Private Public Partnerships can be entered into that would allow for these to be built and funded by private companies then paid for with the toll fees generated.

Just keep a single RFID chip payment method so you only need one chip on your windshield to pay for everywhere, provide discounts for using the chips so every car gets one and the tool plaza delays will be minimal. Even use the chips to pay for the ferries so all you need to do is drive on to a boat and not stop at 7 or 8 different windows to pay or get Coast Guard stamps etc.


----------



## M.C.A. (Feb 24, 2013)

I wish there was not only a complete rail way system but a larger LRT transit system all these trucks and cars they just bottle neck and the only way to make things faster in such a small country is to focus on railways.


----------



## Manitoba (Jun 25, 2014)

The rail system in Manila should be looped, all trains go in a complete circle, one set clockwise, the other counter clockwise, no more bottle necks at the transfer points. (They are all the same gauge rail, so it should be possible.)

The congested parts of the expressways should be widened. 4 lanes each way with slower truck and bus traffic limited to outside lanes. I have heard of the NLEX slowing down to a crawl, EDSA during rush hour speeds. Have higher tolls during peak times to encourage people to spread out their travel.
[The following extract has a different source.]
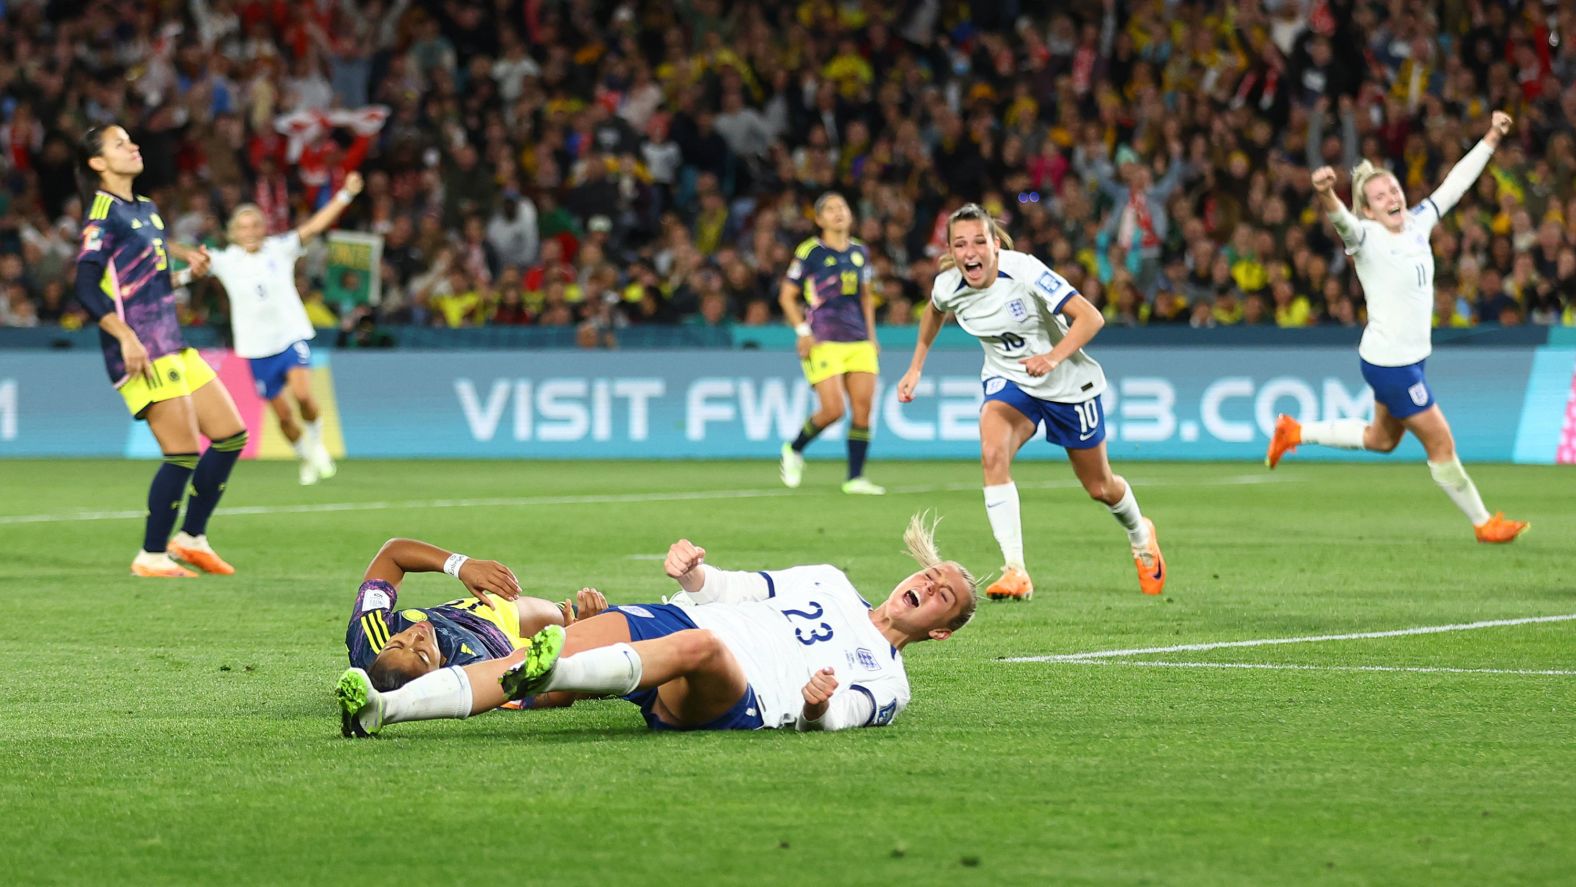 Alessia Russo, bottom, celebrates after scoring England's second goal in the <a href="index.php?page=&url=https%3A%2F%2Fwww.cnn.com%2F2023%2F08%2F12%2Ffootball%2Fengland-colombia-womens-world-cup-2023-spt-intl%2Findex.html" target="_blank">2-1 over Colombia</a> in the quarterfinals on August 12.

The expressway system should also be continuous through Manila with some circular routes to get around the city, just like you see in a major US city with the interstate system.

Long distance railways could work but generally they are more economical if between two major cities and all major cities here are on separate islands which means ferries or tunnels. However dedicated trains between some places like Clark as the international airport and Manila as the domestic airport could work.

This would be expensive but could be done as part of a private public partnership implementation with the right incentives and guarantees for the developers/financiers/operators.


----------



## bigpearl (Jan 24, 2016)

Hey_Joe said:


> For those who travel north of Manila.
> 
> https://www.youtube.com/watch?v=OIlvbZrNJi4https://www.youtube.com/watch?v=OIlvbZrNJi4


Thanks for the update Joe, will be great once the Rosario section is opened, lots of miles to go though before they reach SFC.

Cheers, Steve.


----------



## Gary D (Oct 28, 2013)

Since they stopped the provincial buses stopping on edsa and forced them into the bus lane and the cars out the buses are moving much better now.


----------



## Hey_Joe (Sep 13, 2016)

bigpearl said:


> Thanks for the update Joe, will be great once the Rosario section is opened, lots of miles to go though before they reach SFC.
> 
> Cheers, Steve.


Your property location is skyrocketing every month with many investing in the many condo projects on the beach, resorts & housing developments in the hills behind the town proper.

San Juan TPLEX exit milestone is start date 2021. See no 96, page 27 of 28 on the CNN article below. With Boracay now being a boring place to go with all the restrictions, many of the high rollers, movie stars are hanging out in San Juan now so i'm certain they will be pressured to expedite it to San Juan.

https://cnnphilippines.com/news/2019/11/13/Build-build-build-revised-list.html


----------



## HondaGuy (Aug 6, 2012)

When i was working in Manila I got the RFID Easytrip for the NLEX and it was a god send! Sometimes the cash lanes at the toll plazas were backed up 30 vehicles deep but since there were dedicated lanes ONLY for Easytrip, I didnt have to wait in that nonsense. One of the best purchases I ever made there.


----------



## Manitoba (Jun 25, 2014)

I recently got the chip that is supposed to work on all the toll plazas for all expressways. It was free ( just the 300 initial load to pay) at a toll plaza however to be able to check balance on line etc I still need to go to an outlet and register my vehicle. 

Several emails to the customer service department have gone unanswered.


----------



## bigpearl (Jan 24, 2016)

Hey_Joe said:


> Your property location is skyrocketing every month with many investing in the many condo projects on the beach, resorts & housing developments in the hills behind the town proper.
> 
> San Juan TPLEX exit milestone is start date 2021. See no 96, page 27 of 28 on the CNN article below. With Boracay now being a boring place to go with all the restrictions, many of the high rollers, movie stars are hanging out in San Juan now so i'm certain they will be pressured to expedite it to San Juan.
> 
> https://cnnphilippines.com/news/2019/11/13/Build-build-build-revised-list.html


Yes Joe we see this also especially Urbitztondo, San Juan, Taboc etc; we are a little further north on the southern end of Tammocalao Bay. Almost 3 years ago we purchased a house and lot for under PHP 6M and recently the vacant lot next door came on the market for PHP 13M,,,,,, good luck to them achieving that price but seems we got a good deal.

This is positive news that you bring Joe, perhaps in the near future SFC airport will reopen with flights to Manila etc as they used to do, fingers crossed.
Thanks for the links.

Cheers, Steve.


----------